### Problem description
Print the first line of the material below and each line after it, exactly as written, ending with the line that contains "PC Professional Logo".
---------------
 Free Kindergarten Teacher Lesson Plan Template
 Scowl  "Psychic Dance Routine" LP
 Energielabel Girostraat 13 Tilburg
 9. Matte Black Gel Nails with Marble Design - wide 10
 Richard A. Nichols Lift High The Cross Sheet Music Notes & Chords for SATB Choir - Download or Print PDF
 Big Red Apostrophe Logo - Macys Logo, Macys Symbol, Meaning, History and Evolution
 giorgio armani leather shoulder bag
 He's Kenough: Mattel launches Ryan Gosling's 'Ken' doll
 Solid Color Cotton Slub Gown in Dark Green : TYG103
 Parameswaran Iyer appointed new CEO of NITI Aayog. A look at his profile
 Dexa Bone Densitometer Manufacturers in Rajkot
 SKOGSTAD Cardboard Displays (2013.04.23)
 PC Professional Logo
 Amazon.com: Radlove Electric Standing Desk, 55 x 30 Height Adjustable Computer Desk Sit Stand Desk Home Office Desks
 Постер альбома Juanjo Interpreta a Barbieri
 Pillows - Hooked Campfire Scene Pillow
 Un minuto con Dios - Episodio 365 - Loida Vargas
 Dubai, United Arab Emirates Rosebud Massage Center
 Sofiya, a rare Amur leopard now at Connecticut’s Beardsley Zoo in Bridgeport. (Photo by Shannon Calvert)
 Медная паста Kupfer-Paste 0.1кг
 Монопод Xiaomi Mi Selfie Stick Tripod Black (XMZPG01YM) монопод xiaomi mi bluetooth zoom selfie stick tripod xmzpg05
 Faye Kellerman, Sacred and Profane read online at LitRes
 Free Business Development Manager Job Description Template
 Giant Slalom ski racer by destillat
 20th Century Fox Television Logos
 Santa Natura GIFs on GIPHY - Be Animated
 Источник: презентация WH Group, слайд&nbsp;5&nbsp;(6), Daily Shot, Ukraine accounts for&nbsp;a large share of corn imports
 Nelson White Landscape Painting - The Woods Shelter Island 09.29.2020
---------------
### Expected answer
 Free Kindergarten Teacher Lesson Plan Template
 Scowl  "Psychic Dance Routine" LP
 Energielabel Girostraat 13 Tilburg
 9. Matte Black Gel Nails with Marble Design - wide 10
 Richard A. Nichols Lift High The Cross Sheet Music Notes & Chords for SATB Choir - Download or Print PDF
 Big Red Apostrophe Logo - Macys Logo, Macys Symbol, Meaning, History and Evolution
 giorgio armani leather shoulder bag
 He's Kenough: Mattel launches Ryan Gosling's 'Ken' doll
 Solid Color Cotton Slub Gown in Dark Green : TYG103
 Parameswaran Iyer appointed new CEO of NITI Aayog. A look at his profile
 Dexa Bone Densitometer Manufacturers in Rajkot
 SKOGSTAD Cardboard Displays (2013.04.23)
 PC Professional Logo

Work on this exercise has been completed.